ColourBANG! Getting noticed on YouTube
As the way we watch it continues to evolve, animation may appear to be getting a bit of a rough deal. With the demise of dedicated animation festivals and space dedicated to shorts on our TV screens dwindling to near-nothingness, outlets for animated endeavours are becoming an ever-decreasing commodity here in the UK. In this increasingly bleak landscape it is hardly surprising that animation has found a home on the web, but even sites like YouTube have tight restrictions that affect how much our work is seen by others, dealing hardworking animators yet another blow. Those with a creative drive have to step up their game once again to be noticed in a crowded online video marketplace.
Oli Putland is just one animator claiming a place in this online arena. The creator of a string of hilarious shorts under the banner Clockwork Jerk, he has decided to play the new YouTube algorithm at its own game with his latest series ColourBANG!, a colourful, cheeky, weekly set of shorts premiering this week.
The sketch show is as loud as it is colourful, with sharp, character-led dialogue leading frantic-paced animation that changes each week to introduce new characters and scenarios. We talked to Oli about the process of putting these together.
The whole premise of ColourBANG! is a reaction to YouTube’s rather harsh subscription algorithms. A couple of years ago, if an animator made a short film or indeed anything on YouTube, it would swill around people’s subscription feeds long enough for people to take notice. Since Google changed the way YouTube functions however- in the last year or so, the algorithms now favour regular uploads – minimum of one per week.
Getting noticed on YouTube is fine if you upload a new video every day, working perfectly for the video gameplay uploading Yogcasters and Dewpiepies of the world – but animation is a long process, so creating daily (ha!) or even weekly content is an enormous challenge, one that Oli decided to take head on.
ColourBANG! is the distillation of many ideas and experiments in brevity. I knew I wanted to create something…well-cooked, but I also knew that it had to be made very quickly. This is a series where every episode is launched weekly, like a machine.I’d already had a good training from the likes of Jackie Cockle (Timmy Time, Bob the Builder) who has extremely high standards when it comes to making quality kids programming, but also knows how to get results from managing time and resources effectively – something which YouTube really does demand from its content creators more than any other medium I’ve worked in.
The theme of the whole series can be summarised fairly succinctly by the word ‘Loud’.I don’t think it’s any fluke that my most successful episode of Clockwork Jerk is The Artistic Genius, where a mad artist just vomits up coloured puke and gives them all arbitrary prices. It’s essentially one loud joke, brashly told.

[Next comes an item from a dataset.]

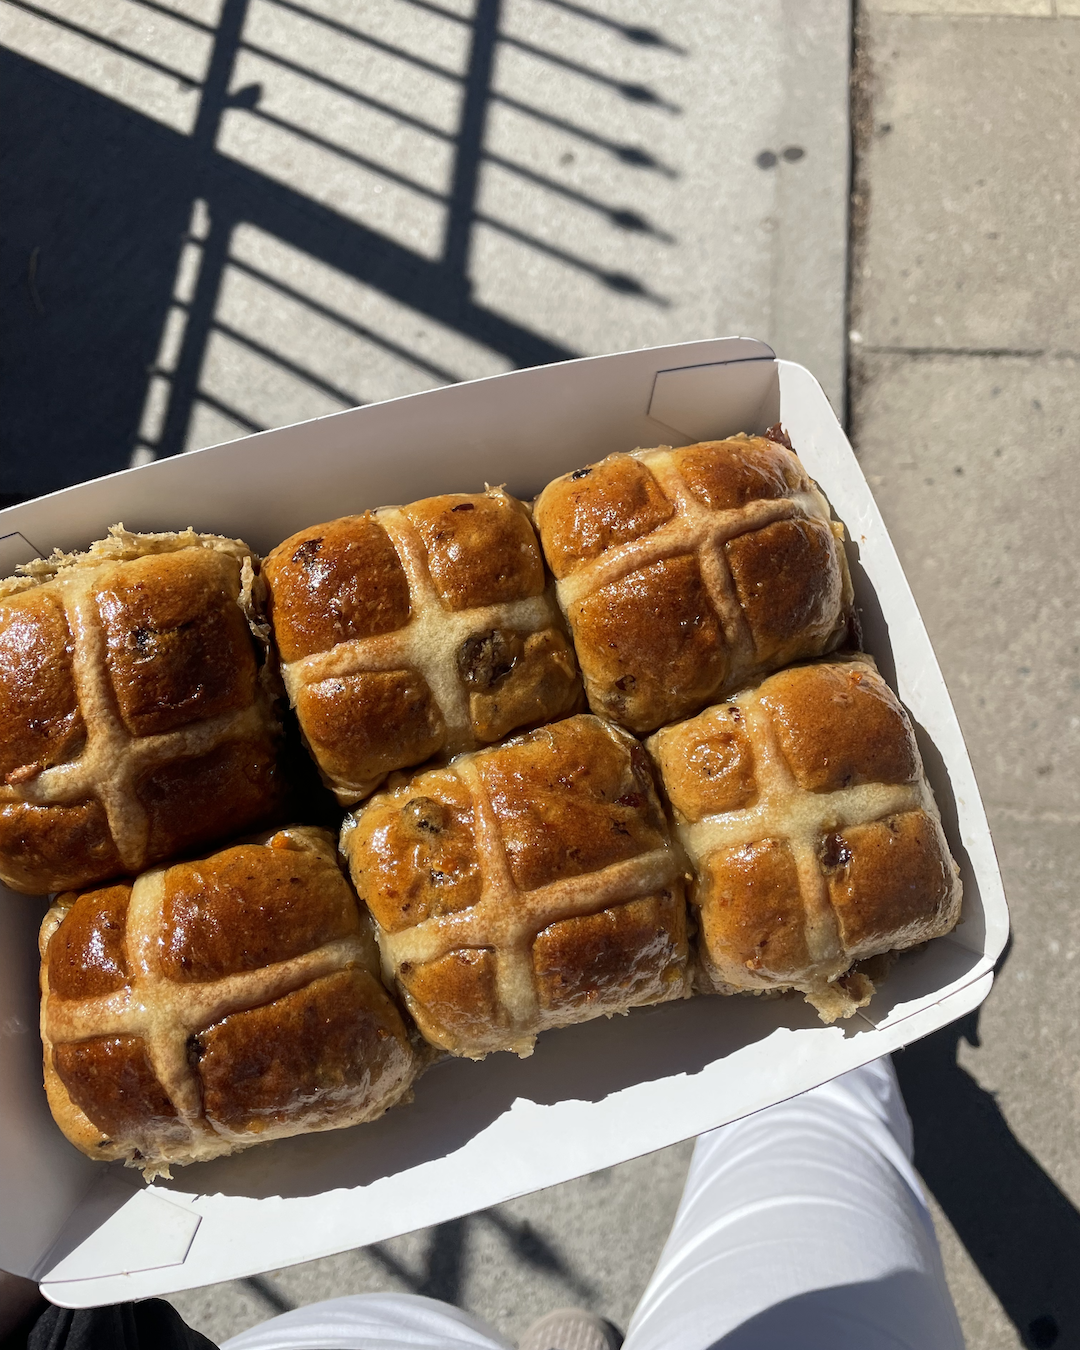 A tray of hot cross buns at Chu Bakery

It’s ColourBANG! in full 3D.In YouTube land you have to grab people by the throat in the first few seconds, so I wanted to make something rather like the video equivalent of the 3 image comic strip you get at the back of newspapers.An unconscious rule has been to have at least one character who is nuts in every episode. That way, there is an agitant to excite the sketch into a frenzy. It’s also very enjoyable to draw the mad and the angry and it is very pleasurable to look at – even on mute!
I’ve happily worked with YouTubers many times before. Dan Tomlinson and Dave Brain’s Guksack channel was my first partnership. However this is pretty much the first project to make an appearance on my channel that I’ve actually asked for collaborative help with myself. Two of whom are animators themselves:Harry Partridge (Who I’ve worked with briefly in the past on one of his videos – his work is amazing)Hans Van Harken (Whose animation and voice acting I’ve always admired)The rest are fellow You-tubers who I’ve worked with, such as Stuart Ashen (I made the entire title sequence for his feature film a year ago) and Larry Bundy Jr, who has been in short films that I made with Stuart as well.I also worked with Sarah Williams who is a good friend and an excellent artist, and through Hans, a very talented vocal artist called Michael Johnston.

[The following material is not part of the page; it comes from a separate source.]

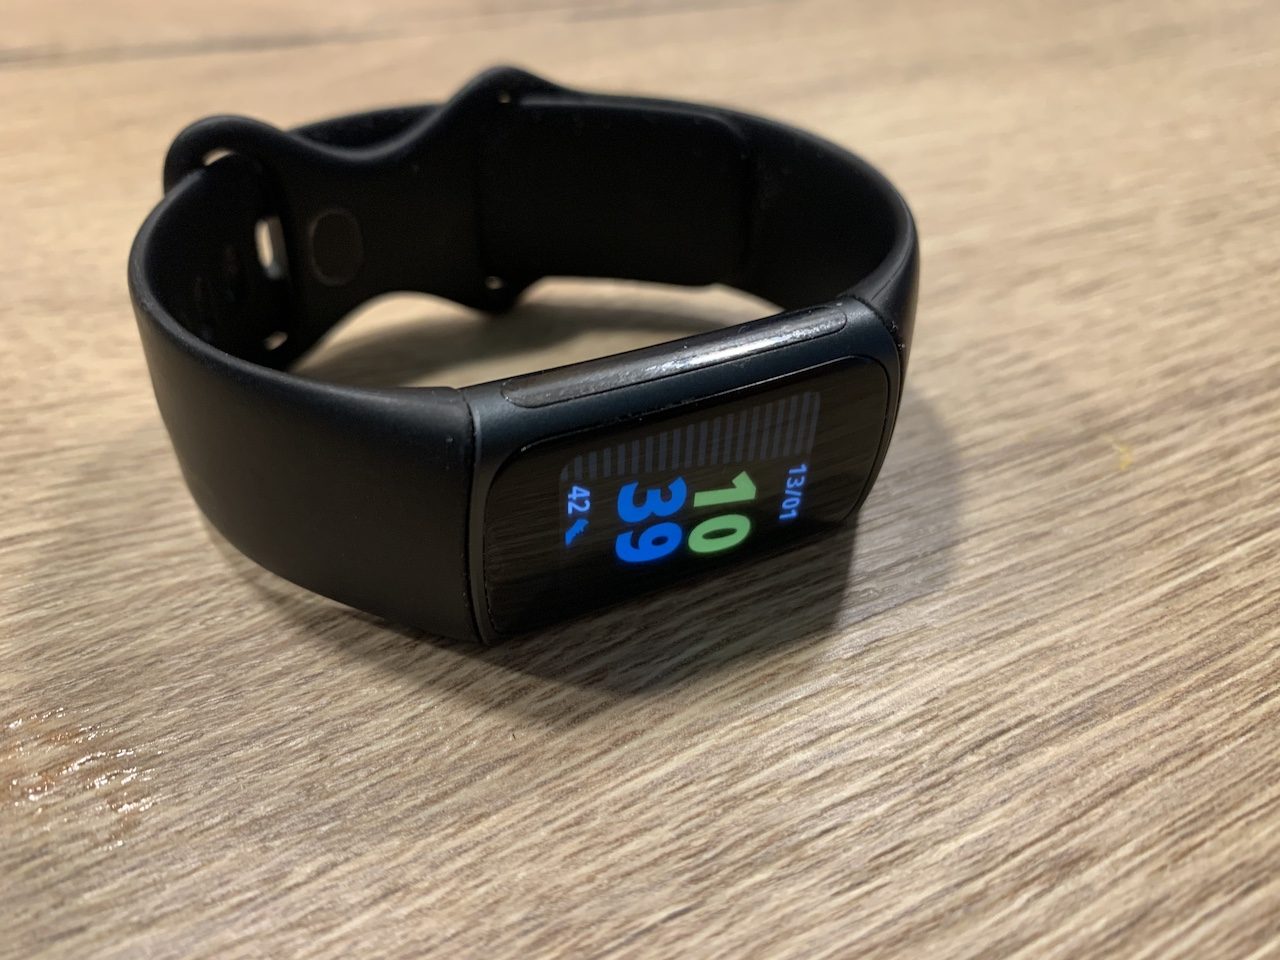 Fitbit dévoile enfin de nouveaux bracelets et montres connectés

Since ColourBANG! is constrained by harsh production schedules, obviously the animation has taken a bit of a hit in terms of quality, so it was vital that the voices were very much the focal point of the series and that the animation just ‘enhances’ what is already there. I’ve got an episode where Harry Partridge plays a spoiled brat of a King who decides he wants to eat people. I sent him the script and voiced the king myself to give him an idea of how I’d like it to be done, but also asked him to ignore it and do it the way he wanted to do it too. I got this email back which was full of self-deprecation saying that he wasn’t sure he’d done a good job. When I heard it back, it was as if Rik Mayall had been called back into life for one last performance! It was amazing. A real treat to animate to. I couldn’t thank him enough!

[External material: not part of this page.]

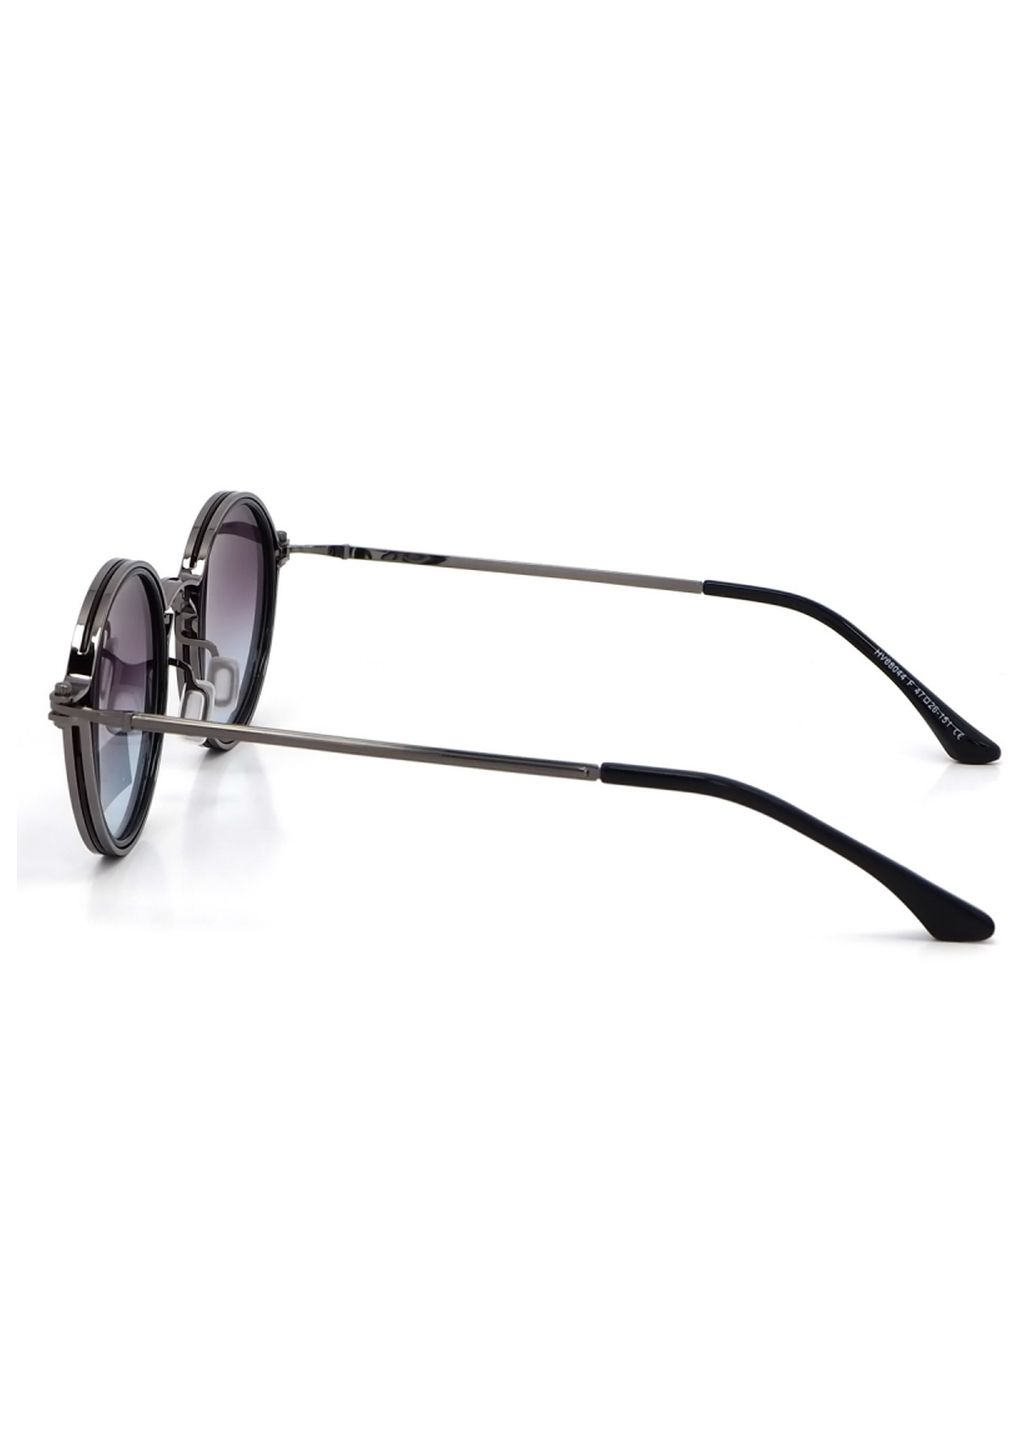 Купить Солнцезащитные очки c поляризацией HAVVS HV68044 170010 - Черный в интернет-магазине

http://youtu.be/mOvjUnGMoiI
While animating the stop motion elements of ColourBANG! I discovered that I could move the body parts around in ways I really didn’t expect. During a shot, an arm can become a neck. A leg becomes a nose. Arms a torso etc. So long as the pose works, the viewer joins the dots together and just gets it. It’s very liberating and feels it like you’re channelling Picasso! A cubist abstract impressionism with boobs and vomit!